2.9 Answers to the Additional Problems
\(\partial z/\partial x=(0.00187y^{0.7})=\)constant for given \(y\).
Exposed profile should be a straight line.
\(\partial z/\partial y=(0.00187)(x+1)(0.7)y^{-0.3}\)
Exposed profile curves upward with decreasing slope.\(\partial z/\partial x=2(P1)x\), \(\partial z/\partial y=2(P2)y\)
\(\partial^2 z/\partial x^2=2(P1)\), \(\partial^2z/\partial x\partial y=0\), \(\partial^2z/\partial y^2=2(P2)\)
\(\partial z/\partial x=0\) if \(x=0\)
\(\partial z/\partial y=0\) if \(y=0\)
Thus \((x,y)=(0,0)\) is the only critical point.
To classify the critical point, evaluate: \[\frac{\partial^2z}{\partial x^2}\frac{\partial^2z}{\partial y^2}-\Big(\frac{\partial^2 z}{\partial x\partial y}\Big)^2=4(P1)(P2)\] Pick \(P1=.6\), \(P2=1.0\)
Then \(4(P1)(P2)>0\), \(\frac{\partial^2z}{\partial x^2}=2(P1)>0\) and the point is a relative minimum.We use the Pythagorean theorem to obtain
\[(2r)^2=W^2+D^2\] Thus \[\begin{align*} D^2&=4r^2-W^2 \\ S&=(0.1)4r^2W-(0.1)W^3 \\ \frac{dS}{dW}&=(0.4)r^2-(0.3)W^2 \\ 0&=(0.4)r^2-(0.3)W^2 \end{align*}\]
The critical point is then at \(W=\sqrt{4r^2/3}=2r/\sqrt{3}\)
We have
\[\frac{d^2S}{dW^2}=-0.6W<0\]
so that when \(W=2r/\sqrt{3}\), \(S\) is indeed at a maximum.
The depth is then
\[\begin{align*}
D&=\sqrt{4r^2-W^2} \\
&=\sqrt{4r^2-4r^2/3} \\
&=2\sqrt{2/3}r
\end{align*}\]
4.a. Even assuming \(r = r(t)\), N cannot exceed \(K\) if \(N(0) < K\). We see this by writing \(N\) as a fraction. \[N(t)=\frac{K}{1+be^{-r(t)t}}\] b. Treat \(r(t)\) in the difference equation model, with \[\begin{align*} r(0)&=r_0 \\ r(1)&=r_0/2 \\ r(2)&=r_0/3 \\ r(3)&=r(2) \end{align*}\] or some such scheme to decrease r as time increases.

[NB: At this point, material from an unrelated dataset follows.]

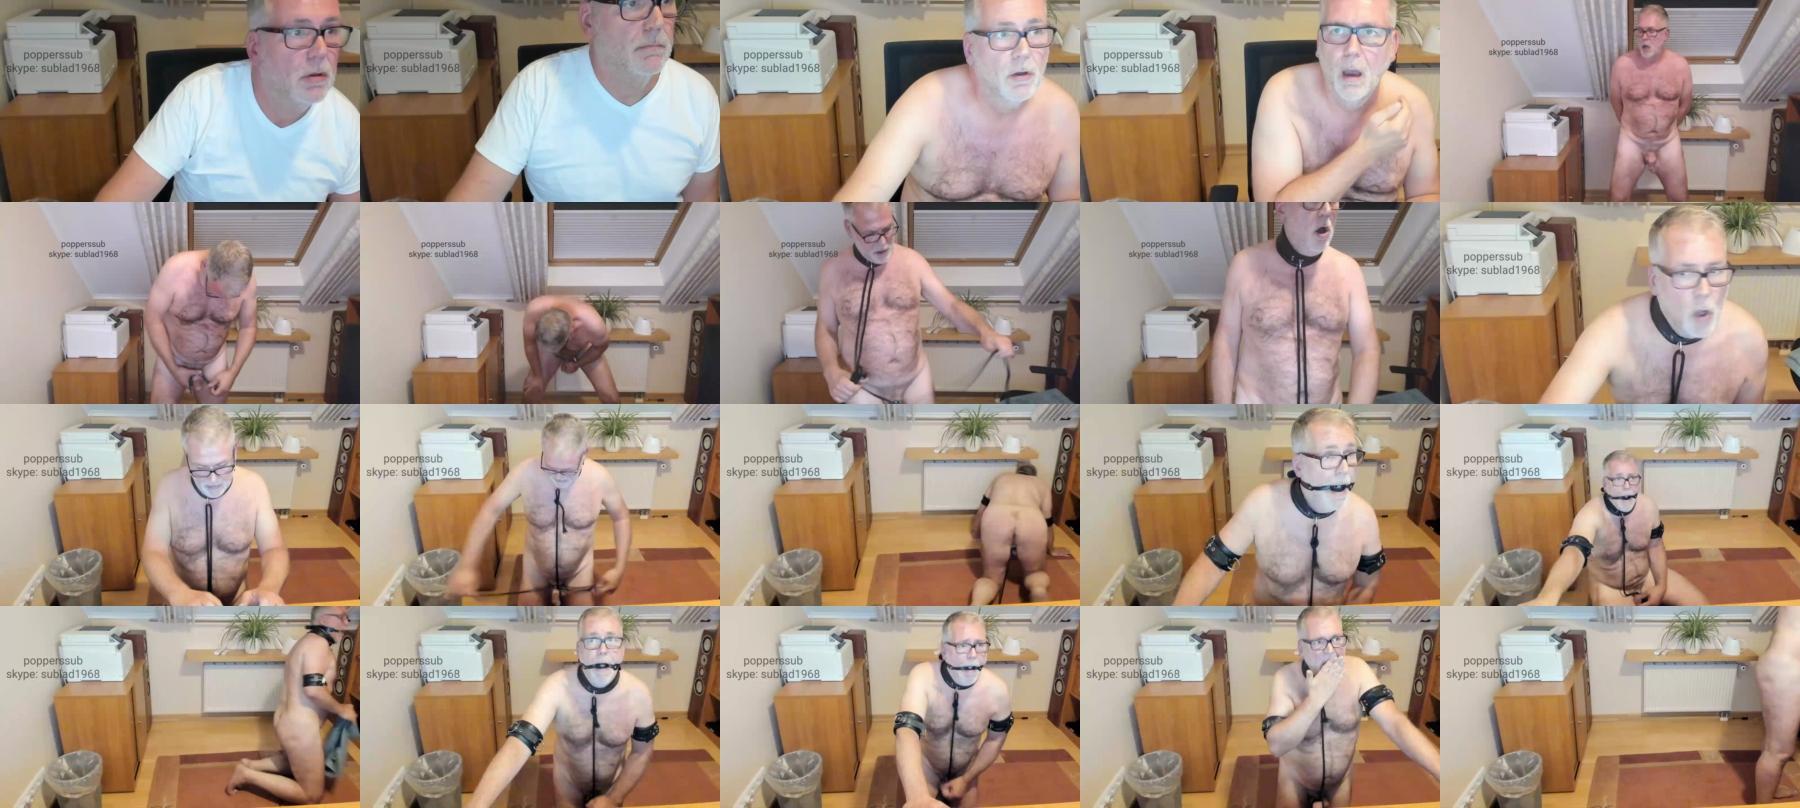 beary183 Webcam CAM SHOW @ Cam4 25-07-2021

- Evaluate the derivative. \[Y'=(P1)X-(P2)X^2\] The “rate of increase” of \(Y\) is greatest when \(Y'\) is maximal. Find, the max(\(Y'\)) by differentiating \(Y'\) and setting \(Y'' = 0\). \[\begin{align*} Y''&=\frac{d(Y')}{dx}=(P1)-(2)(P2)X \\ 0&=(P1)-(2)(P2)X \\ X&=(P1)/(2(P2)) \end{align*}\] The value for \(Y\) is then \[Y=\Big[\frac{P1}{2(P2)}\Big]^2\Big[\frac{P1}{2}-\frac{(P1)(P2)}{6(P2)}\Big]=\frac{(P1)^3}{12(P2)^2}\] This point is an inflection point on the graph \(Y\) versus \(X\).